Task requirements: When you reach the line containing "p38MAPK, HSP27, IkBa, p53, and p90RSK.", begin reproducing the material exactly, stop after the line containing "anticoagulant-comparison-table-nursing-study-guide-etsy", and leave out any pictures along the way.

Supplied information:
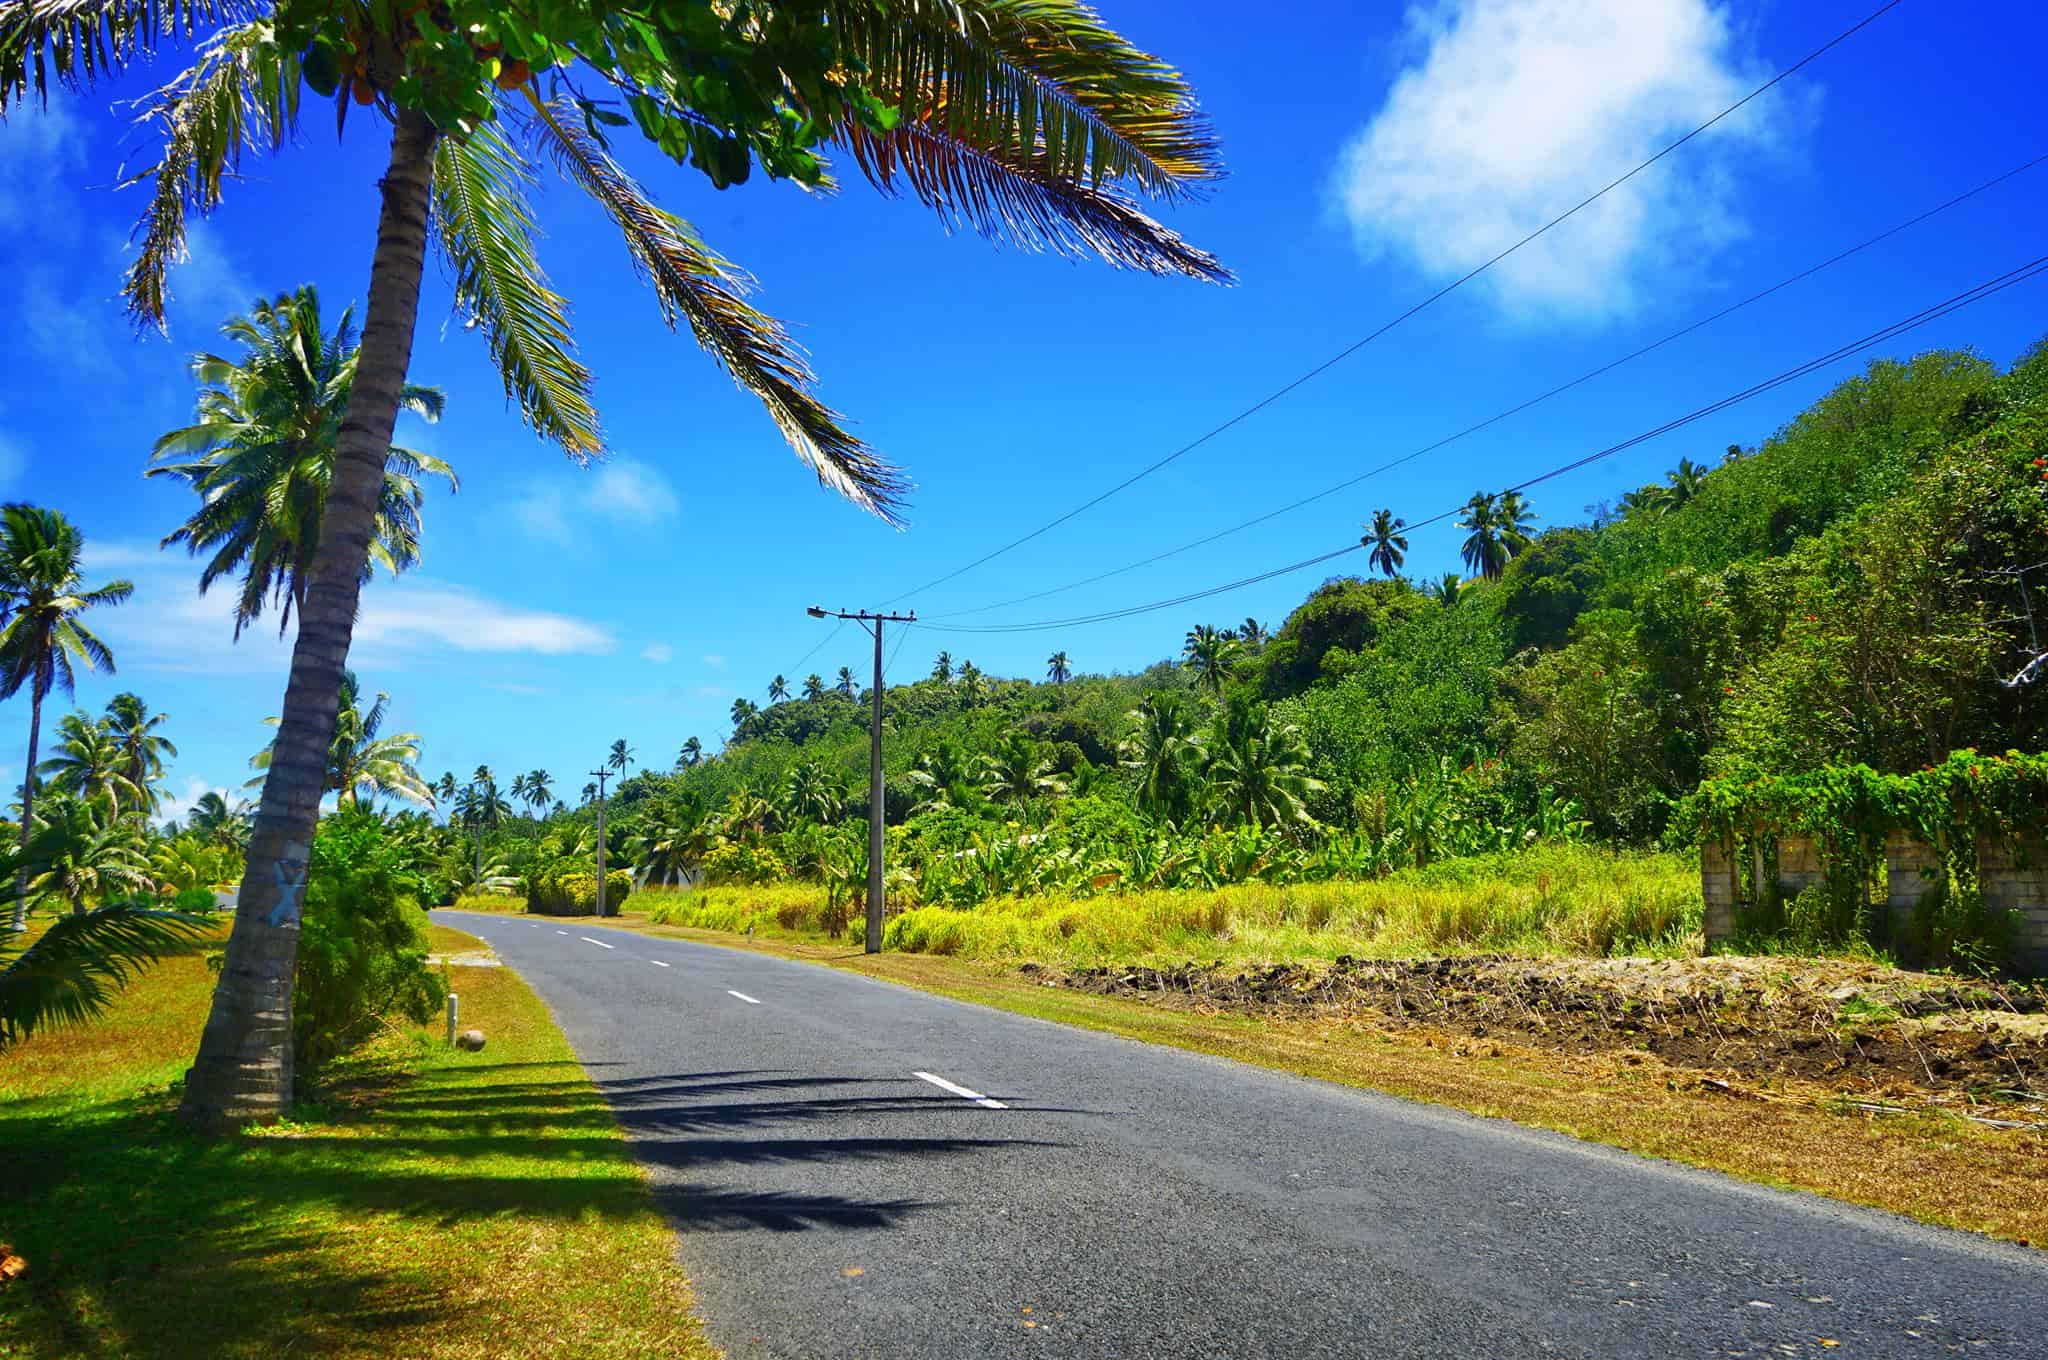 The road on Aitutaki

---

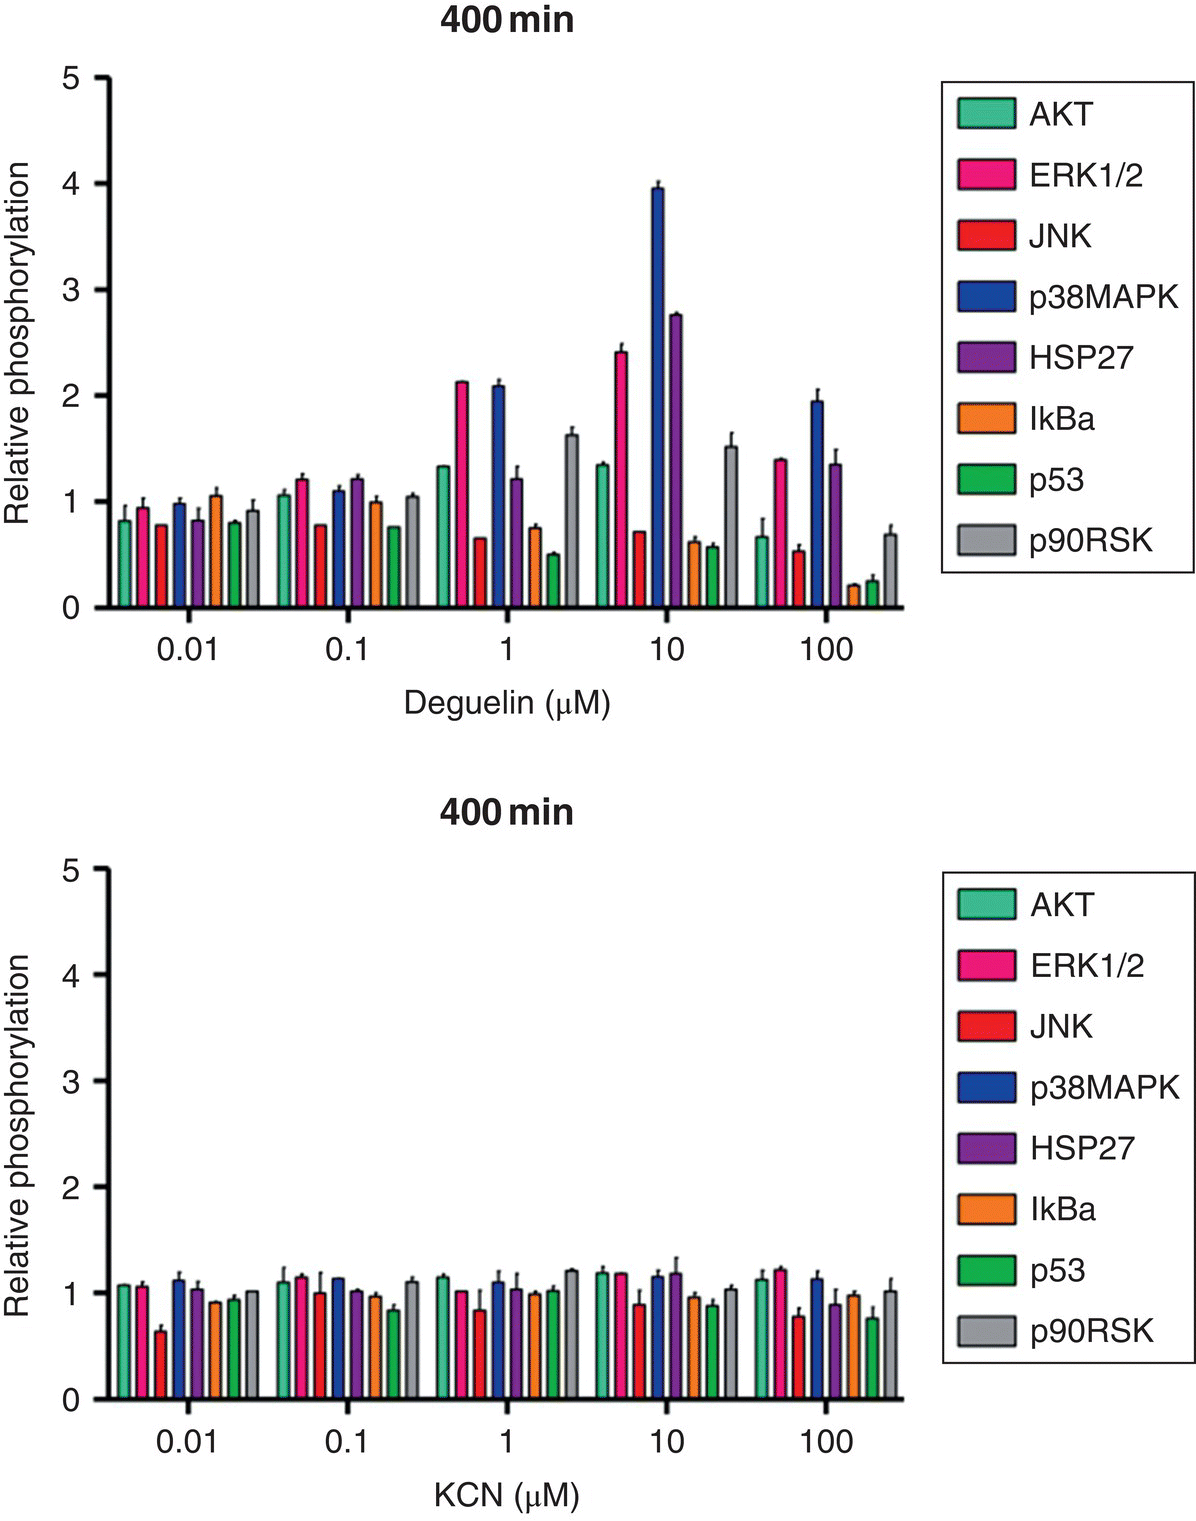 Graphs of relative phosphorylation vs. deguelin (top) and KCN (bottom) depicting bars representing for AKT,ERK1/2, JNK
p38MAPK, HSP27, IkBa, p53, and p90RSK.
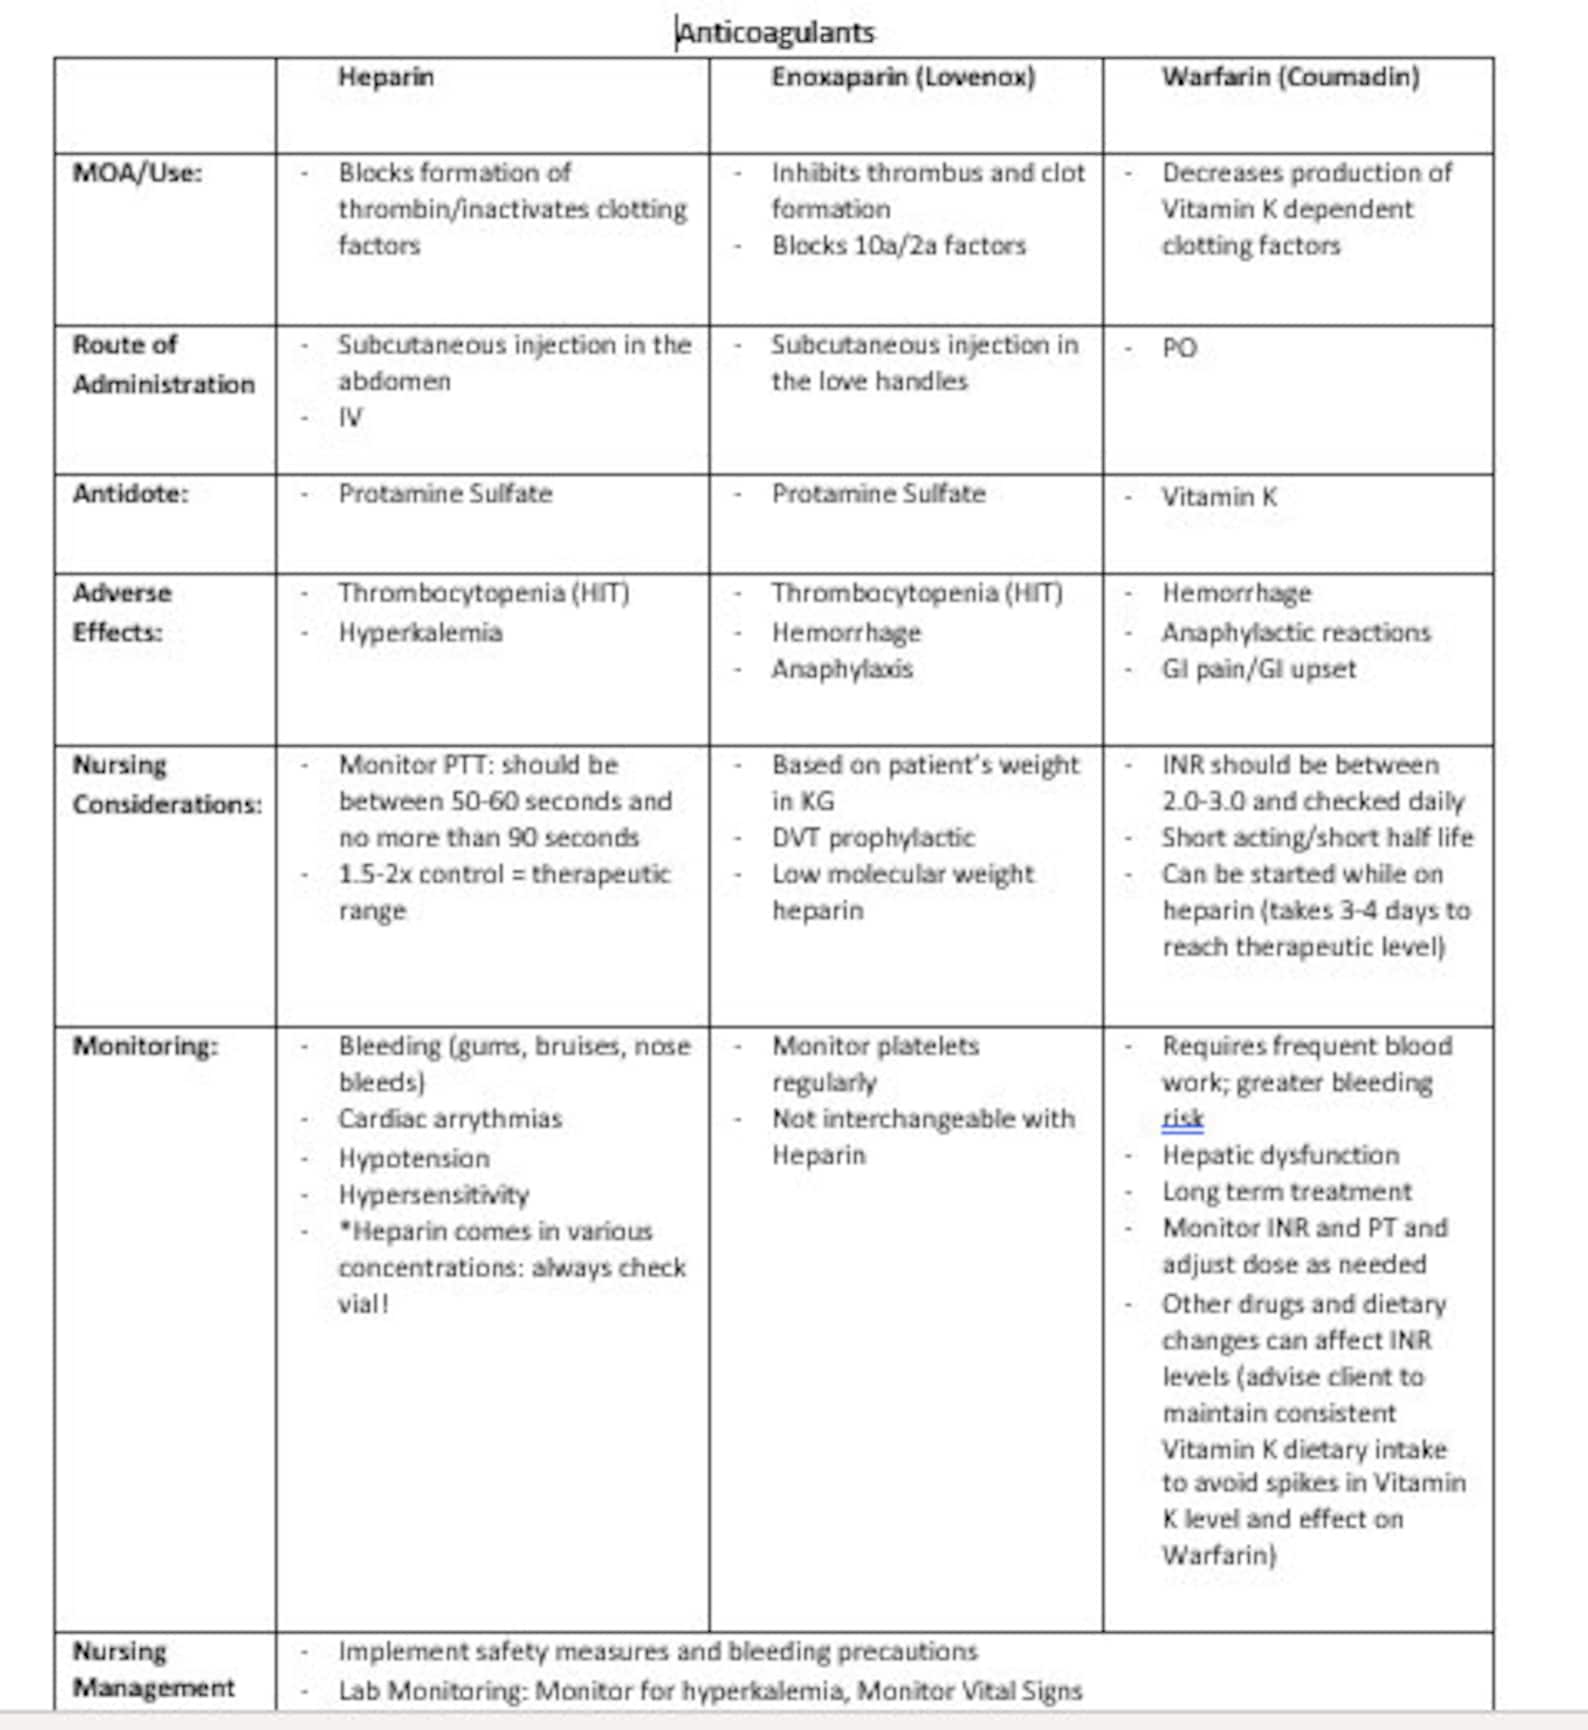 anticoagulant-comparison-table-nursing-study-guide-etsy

Solution for this exercise:
p38MAPK, HSP27, IkBa, p53, and p90RSK.
 anticoagulant-comparison-table-nursing-study-guide-etsy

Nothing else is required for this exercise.